-- GIVEN INFORMATION --

/---

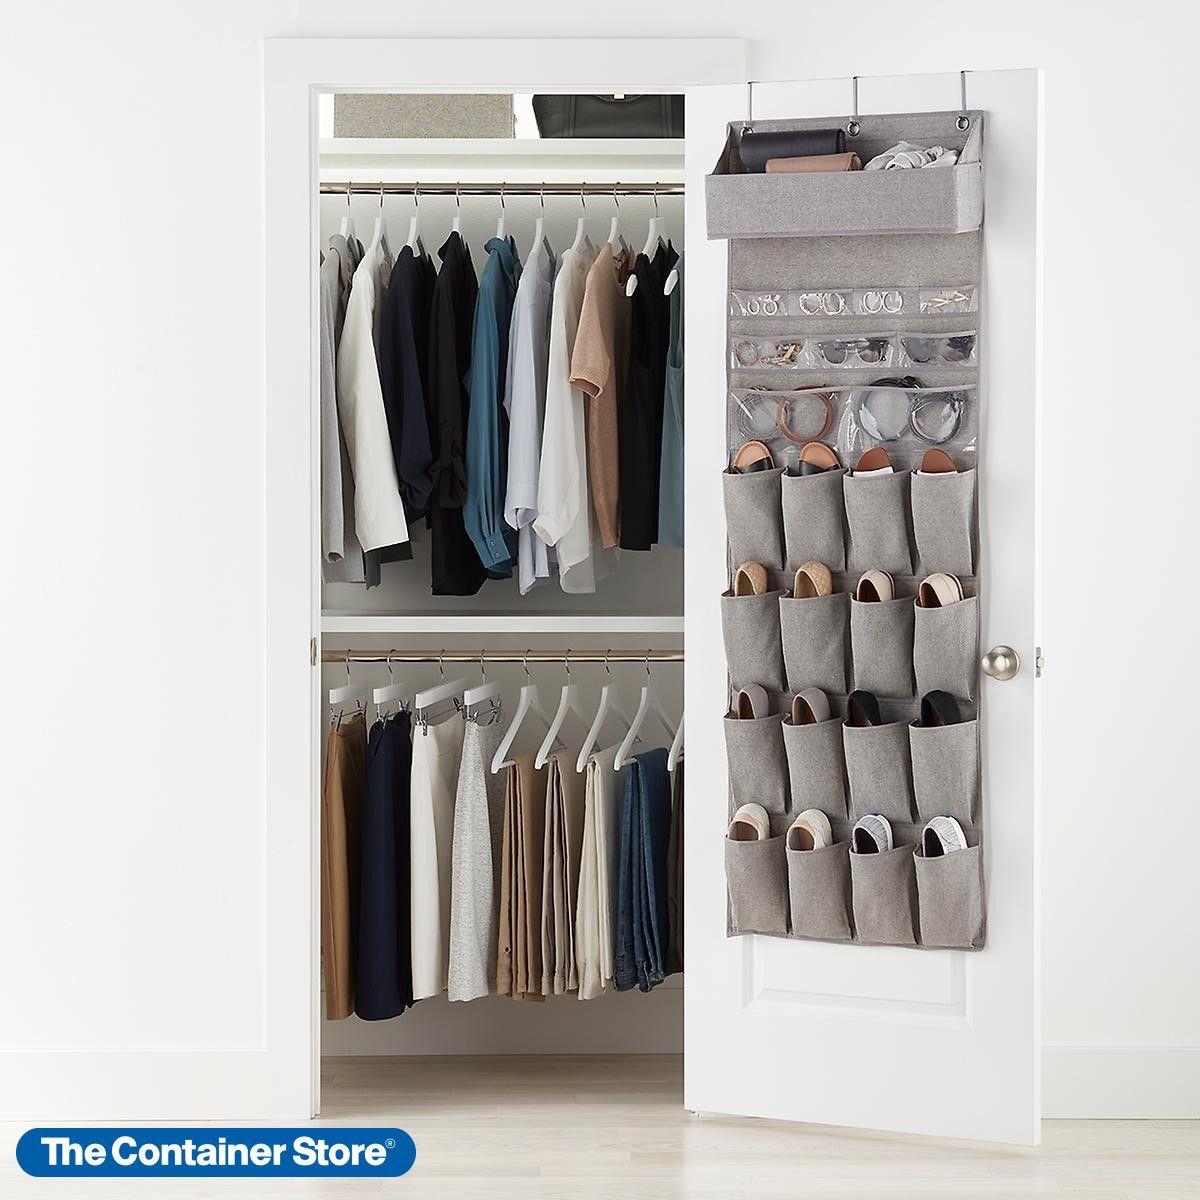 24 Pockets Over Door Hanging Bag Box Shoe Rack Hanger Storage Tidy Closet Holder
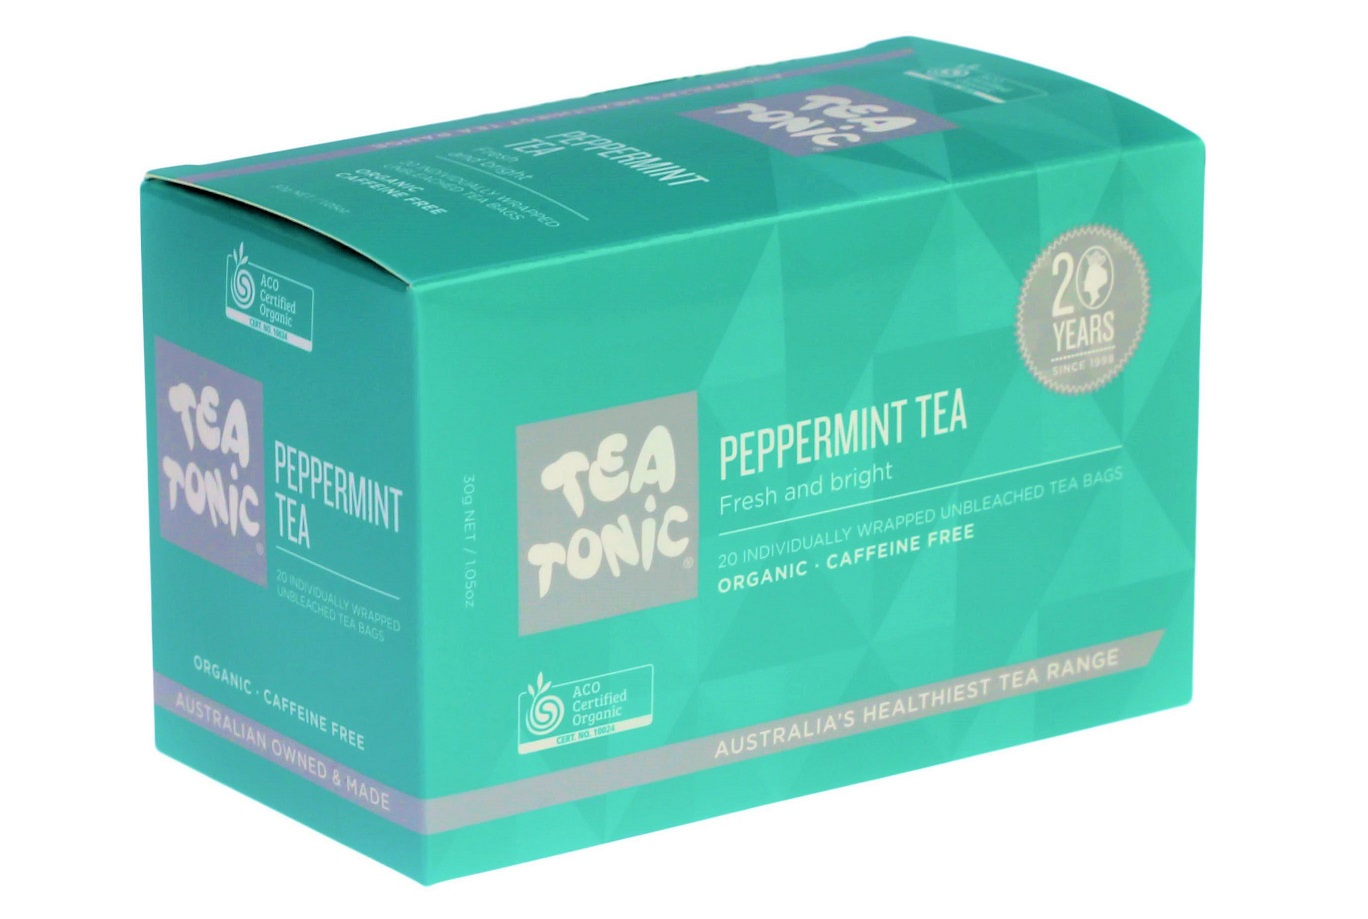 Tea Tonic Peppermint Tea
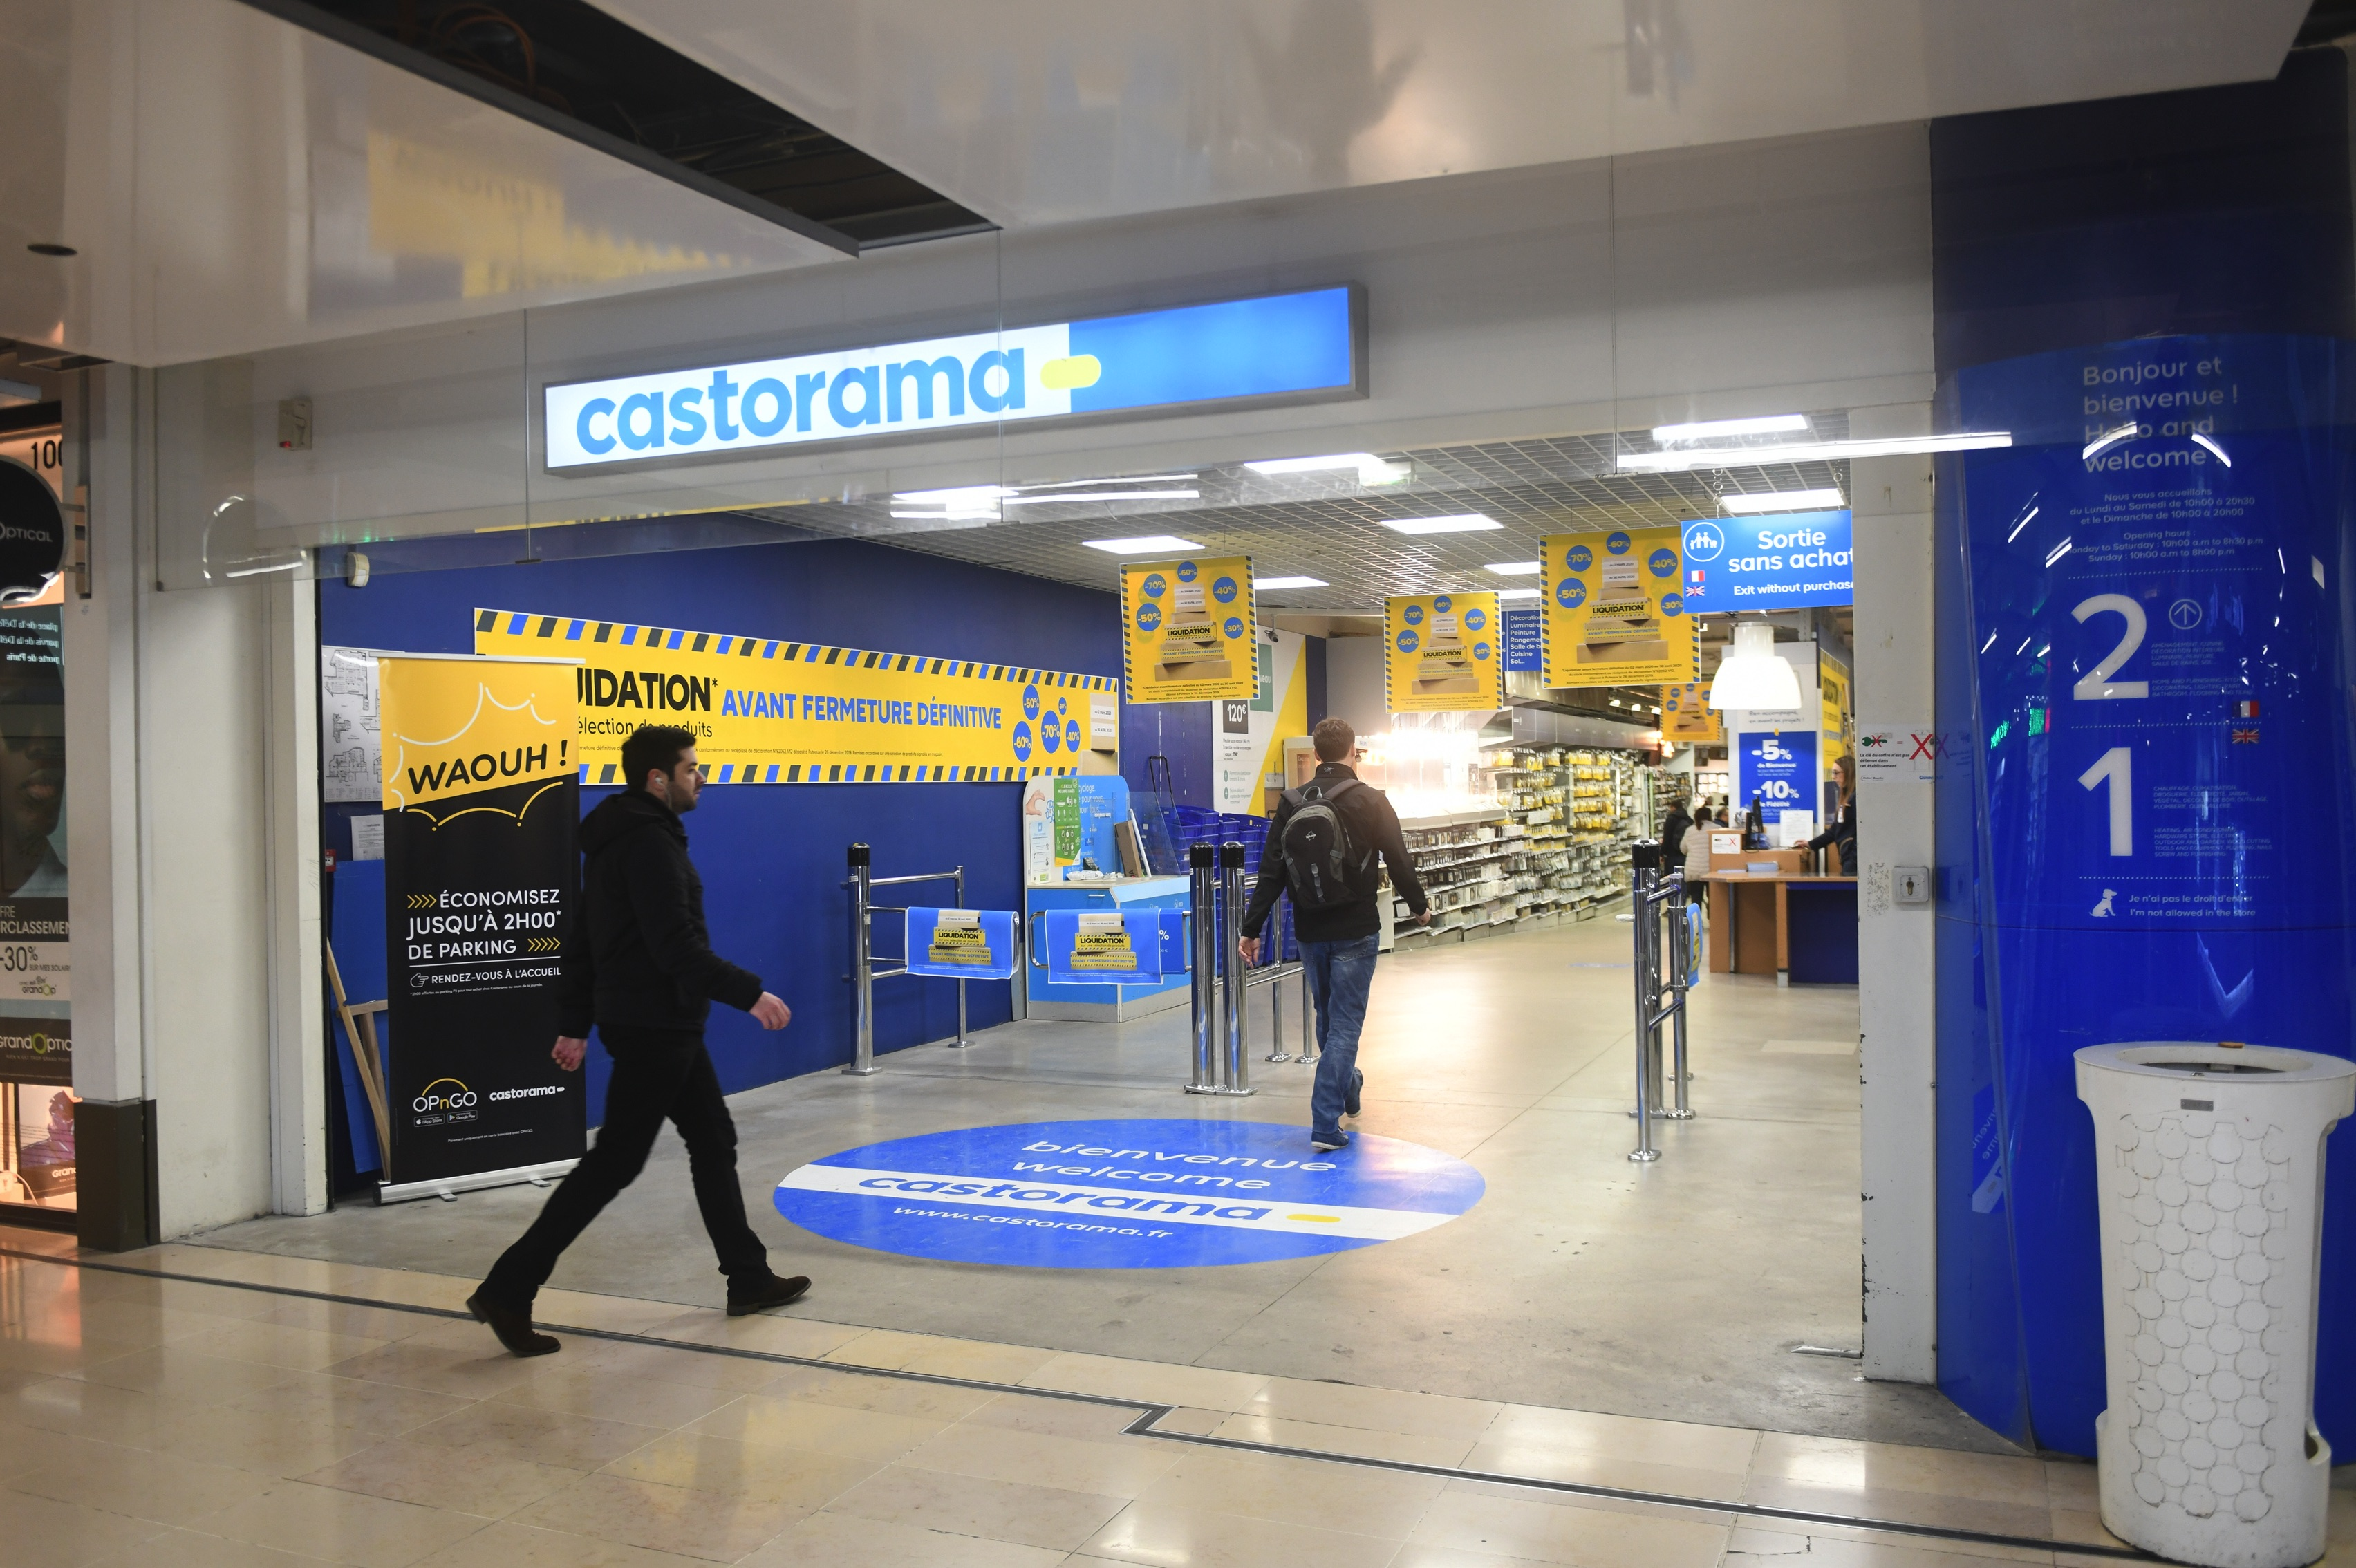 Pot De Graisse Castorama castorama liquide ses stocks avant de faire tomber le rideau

\---

-- PROBLEM REQUIREMENTS --
Transcribe the listing exactly; skip the pictures.

-- FINISHED TASK --
 24 Pockets Over Door Hanging Bag Box Shoe Rack Hanger Storage Tidy Closet Holder
 Tea Tonic Peppermint Tea
 Pot De Graisse Castorama castorama liquide ses stocks avant de faire tomber le rideau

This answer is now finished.